2. Related Works

2.2. ETL vs ELT

In a typical BI infrastructure, data, extracted from Operational Data Sources (ODS), firstly transformed, then cleaned and loaded into a data warehouse. Before data are loaded into a data warehouse, it's necessary to process "raw data" for a variety of reasons. For example, a data warehouse typically consolidates a multitude different ODS with different schemas and metadata behind. Hence, incoming data must be normalized. Also, the ODS may contain erroneous, corrupted or missed data, so the process of cleaning and and reconsolidation are needed. This preprocessing is commonly known as Extract, Transform and Load (ETL): data are first extracted from the original data source, then transformed including normalization and cleansing, and finally loaded into the data warehouse.

While database technologies used for data warehousing had seen tremendous performance and scalability enhancements over the past decade, ETL has not been improved in scalability and performance in the same level of degree as database. As a result, most BI infrastructures are increasingly experiencing a bottleneck: data can't be easily acquired to the data warehouse with necessary actuality. Clearly, in order to provide near real-time BI, this bottleneck needs to be resolved.

Costs of data data storage were always a significant factor, but they becoming cheaper with time, and as the result, analysis can be performed over bigger amount of data with less investments. And in changing circumstances, former (but robust) Extract, Transform and Load approach cannot be easily applied to answer all needs of business, which includes work with big data and, as the result, new approach and/or architectural changes are needed. Main disadvantage of ETL is that data must be firstly transformed and only then loaded. It means that on transformation phase, mass amounts of potentially valuable data are thrown away. However, to eliminate drawbacks of ETL, improvement of latest storage techniques can be used. One of the approach that address such challenges is called  Extract, Load, and Transform. The basic idea is to perform Load process immediately after Extract process, and apply Transformation only after getting data stored. ELT, in comparison with ETL, has four following advantages: (1) flexibility in adding new data sources (EL part); (2) aggregation can be applied multiple times on same raw data (T part); (3) Transformation process can be re-adopted, even on legacy data; (4) speed-up process of implementation.

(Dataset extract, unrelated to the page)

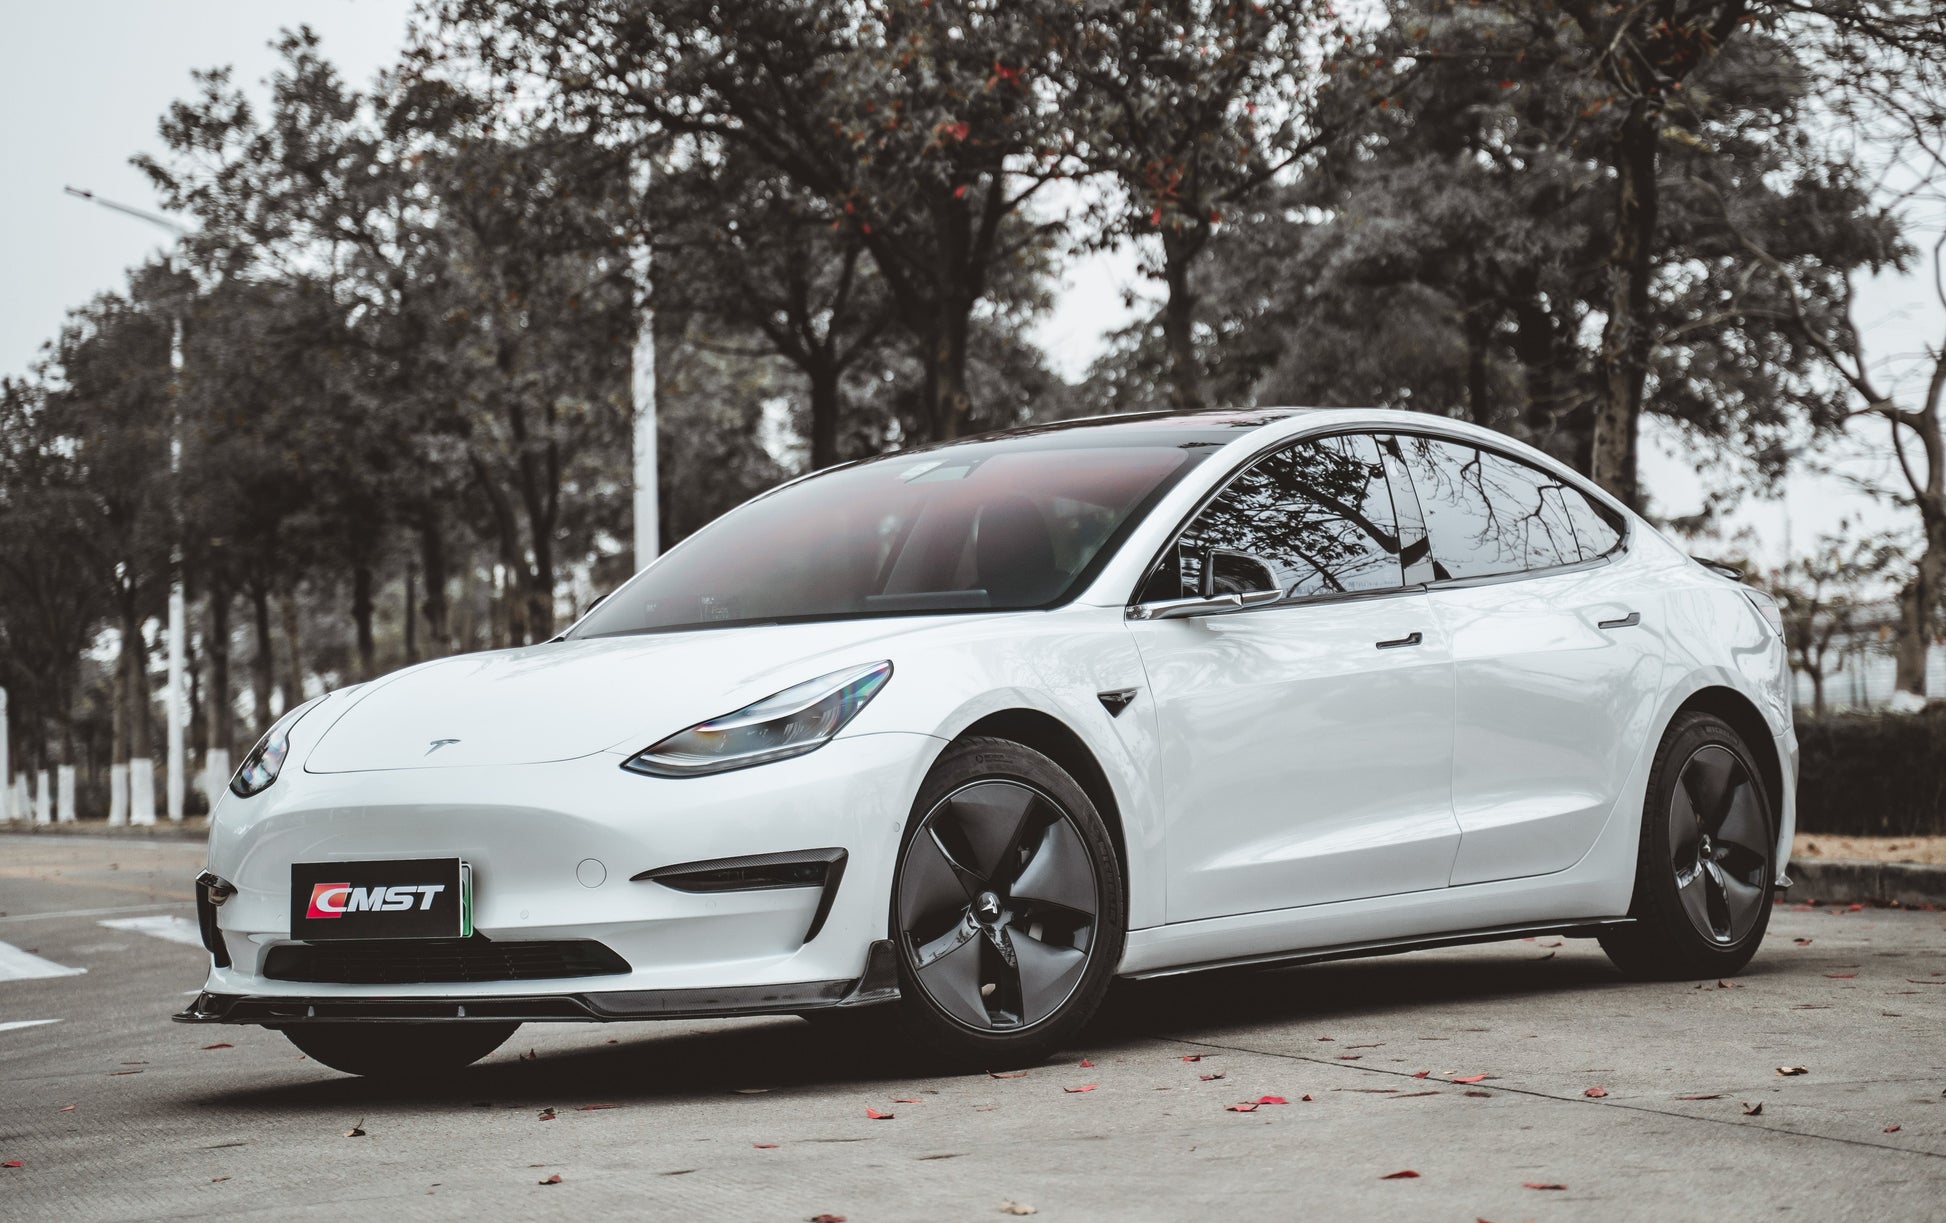 TESERY×CMST Tesla Model 3 Carbon Fiber Upper Valences - Tesery Official Store

According to the Competitive advantage: Creating and sustaining superior performance, the enterprise competitiveness heavily rely on the time elapsed during decisions making process. And to make decisions, BI solutions are became "de-facto" standard. As long as time is a very important factor, it's also crucial to design BI solution in shorter period of time. One of the shortcomings, according to the An architecture for ad-hoc and collaborative business intelligence, is that time spent on phase of implementation BI solution causes increasing of costs. The next shortcoming is that BI solution needs to be flexible in order to reflect environmental changes and adopt them in shorted possible period of time.

In the ETL process is not addressing flexibility in the terms of reflecting environmental changes and classical BI solutions need vast amount of time to be implemented. ETL process is applying transformation after extraction and before loading that is causing data to be inserted into data warehouse only during the last phase. In contrast, ELT allows firstly extracting and loading data, and then apply on demand transformation according to the business needs. Also, transformation with ELT can be applied and re-applied taking into account changes in business requirements. Based on above reasons it's more preferable to adopt Extract, Load, and Transform (ELT) instead of Extract, Transform, and Load (ETL) in the BI solutions.